DATA SHOWN =>
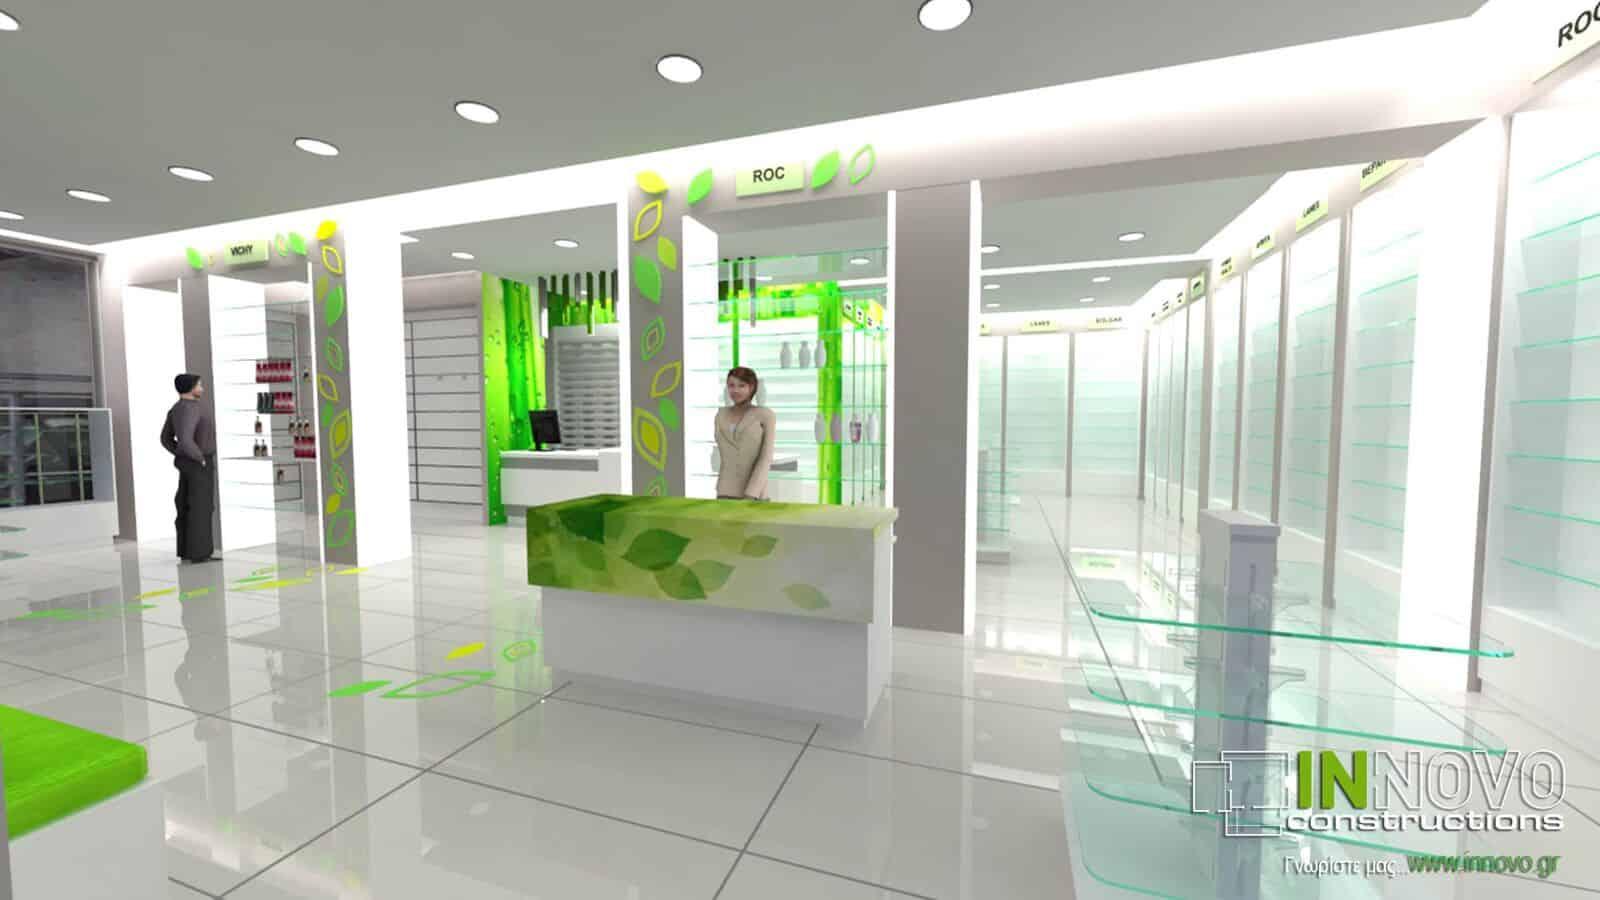 Ανακαίνιση Φαρμακείου στο Νέο Ηράκλειο
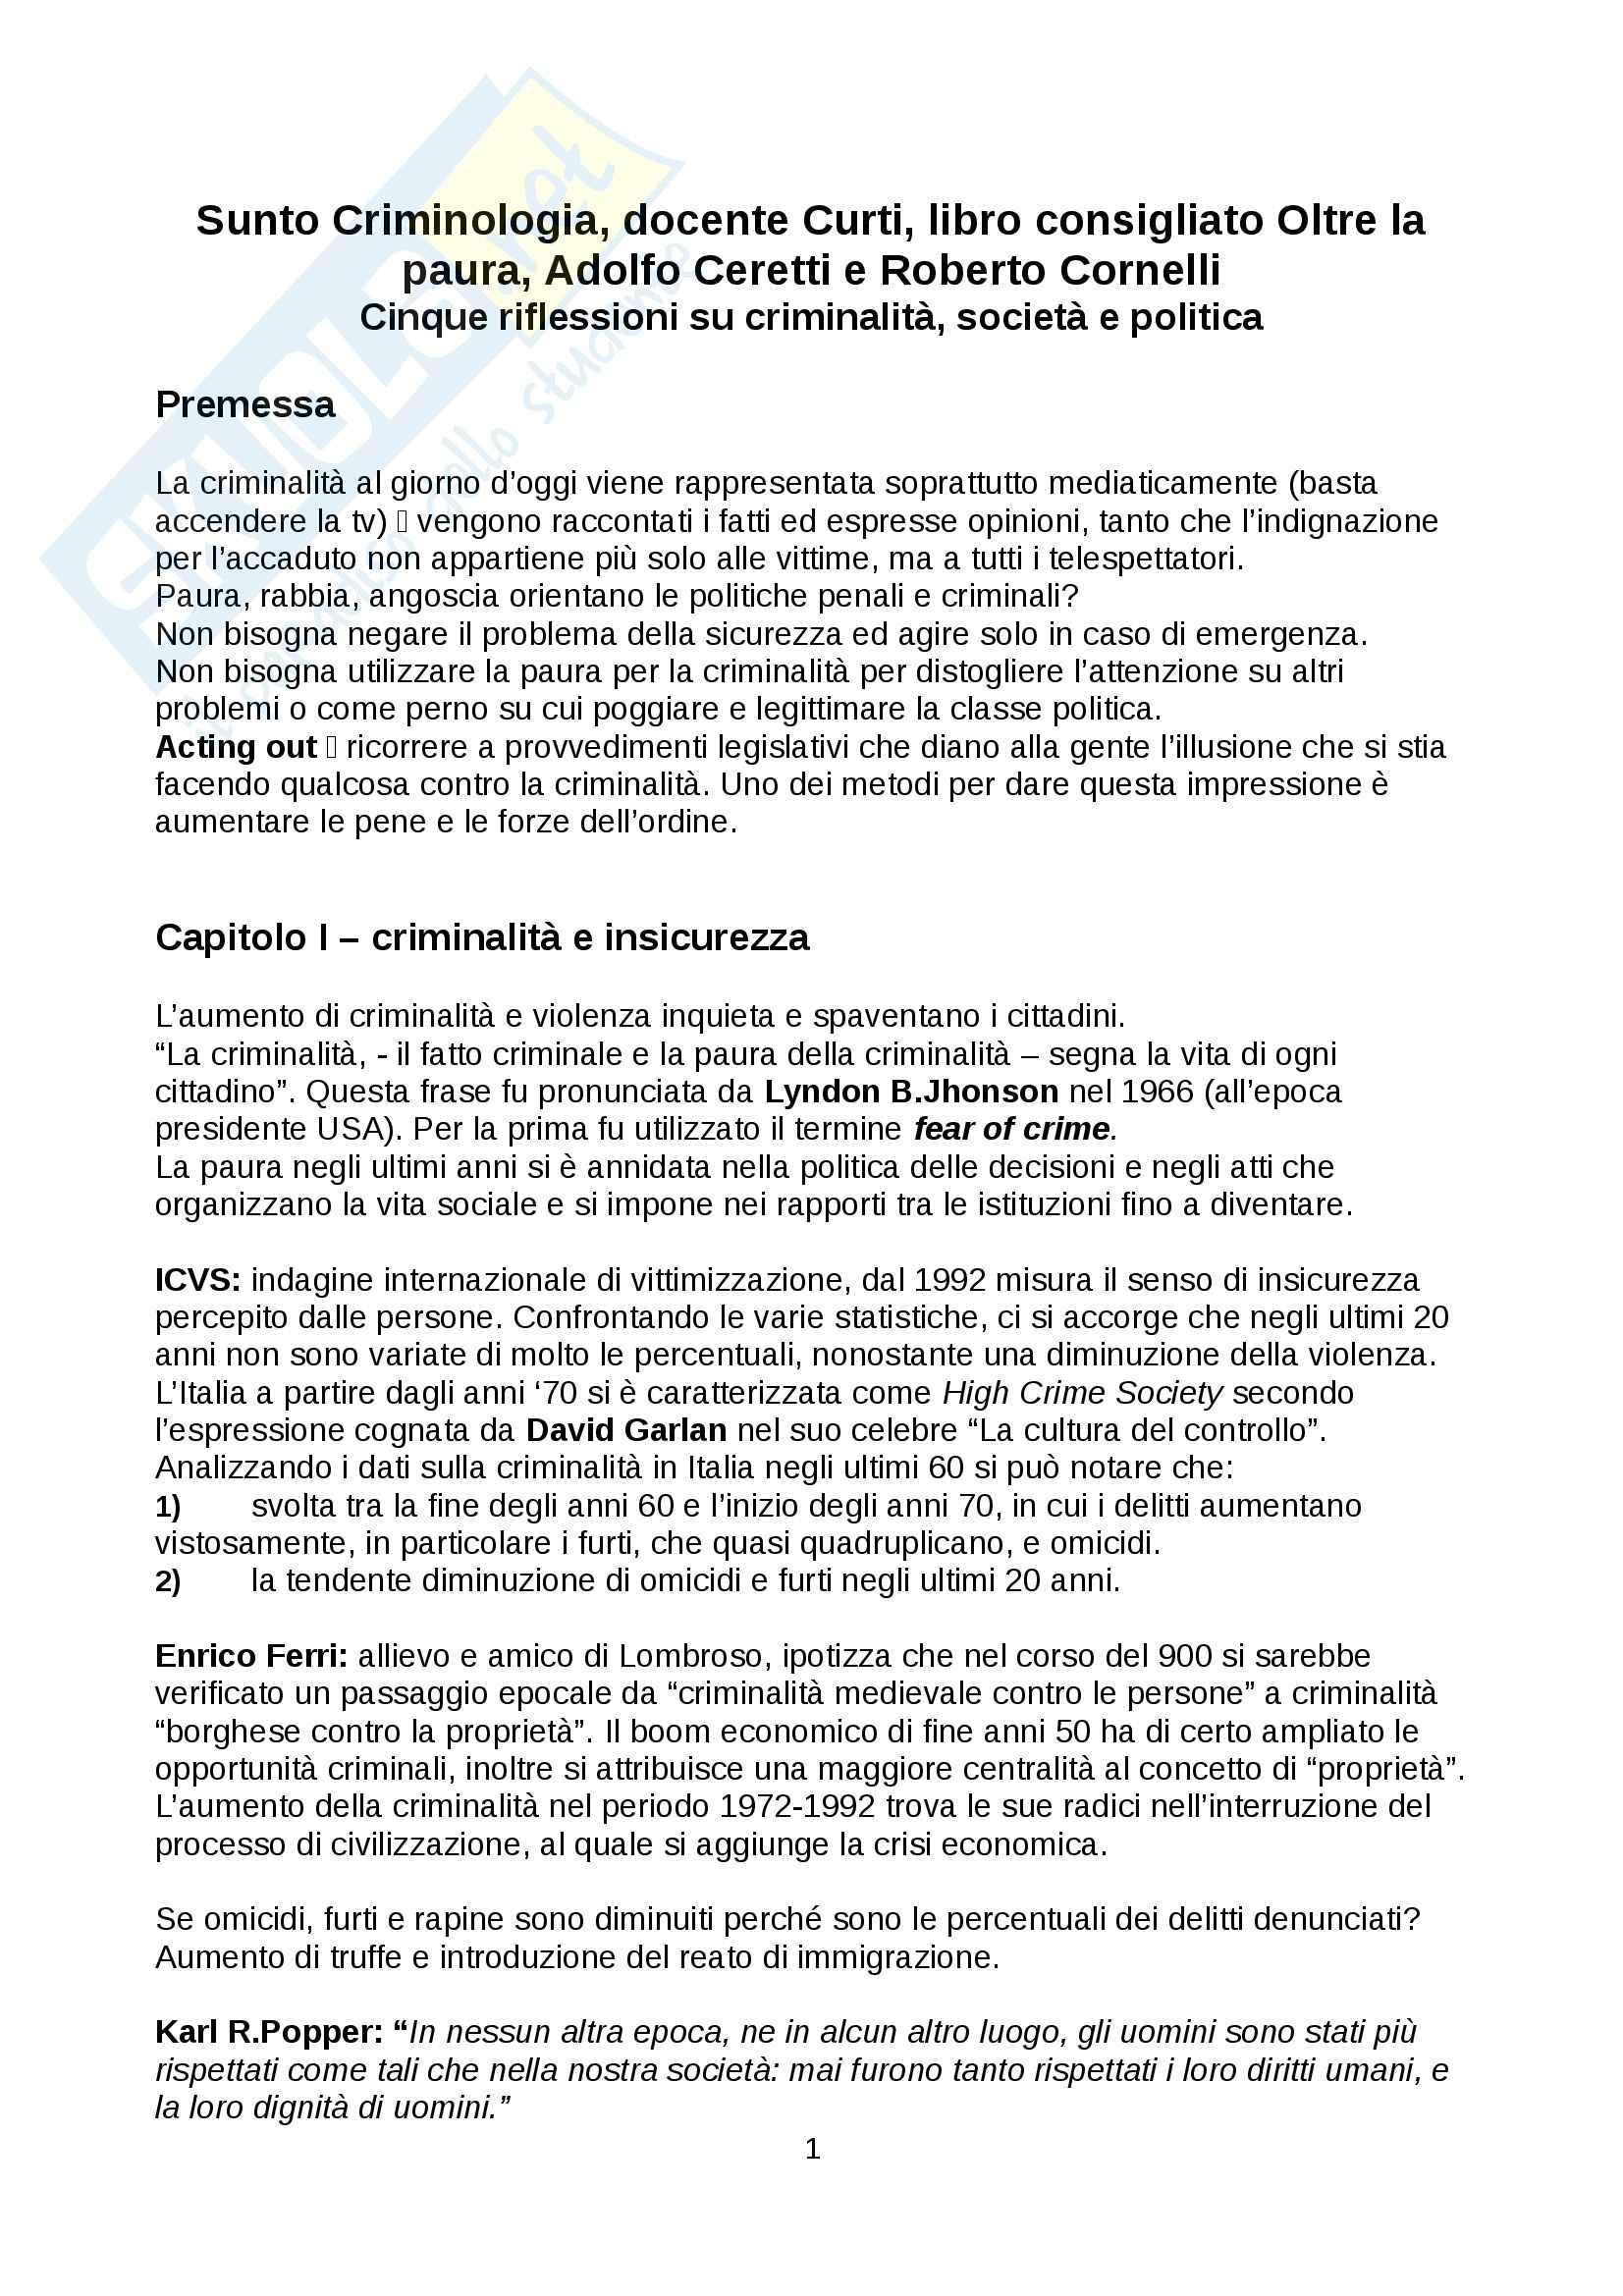 Riassunto esame Criminologia docente Curti libro consigliato Oltre la paura Adolfo Ceretti e Roberto Cornelli
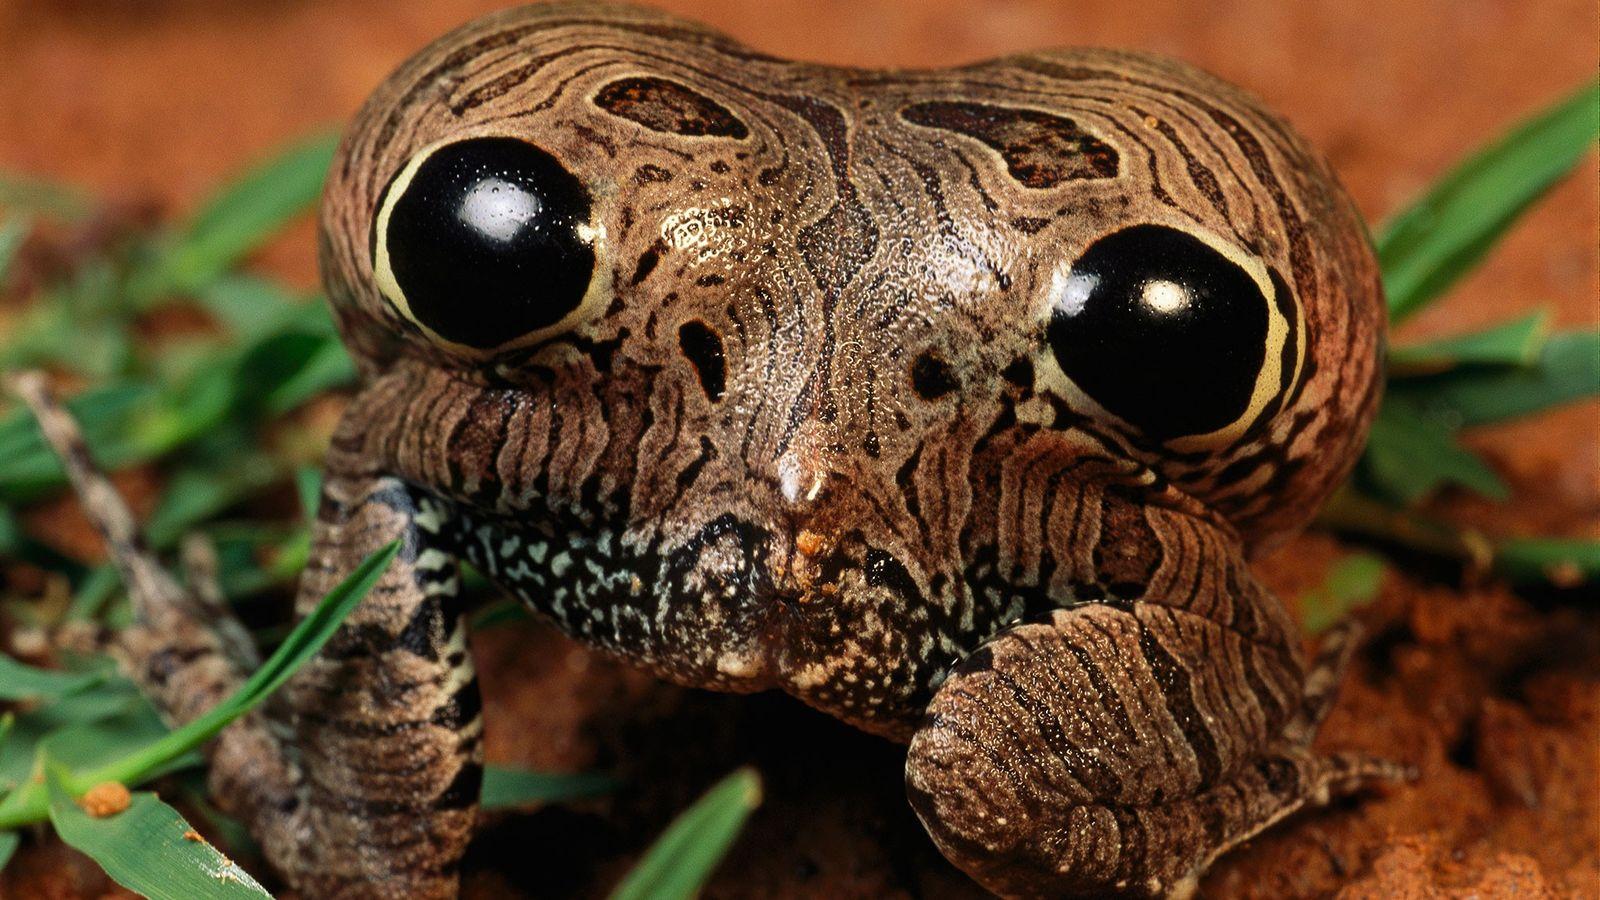 La grenouille naine de Cubaya gonfle son postérieur doté de faux yeux pour effrayer les prédateurs.

WHAT YOU NEED TO DO =>
Please restate the whole listing exactly, without any of its pictures.

COMPLETED TASK =>
 Ανακαίνιση Φαρμακείου στο Νέο Ηράκλειο
 Riassunto esame Criminologia docente Curti libro consigliato Oltre la paura Adolfo Ceretti e Roberto Cornelli
 La grenouille naine de Cubaya gonfle son postérieur doté de faux yeux pour effrayer les prédateurs.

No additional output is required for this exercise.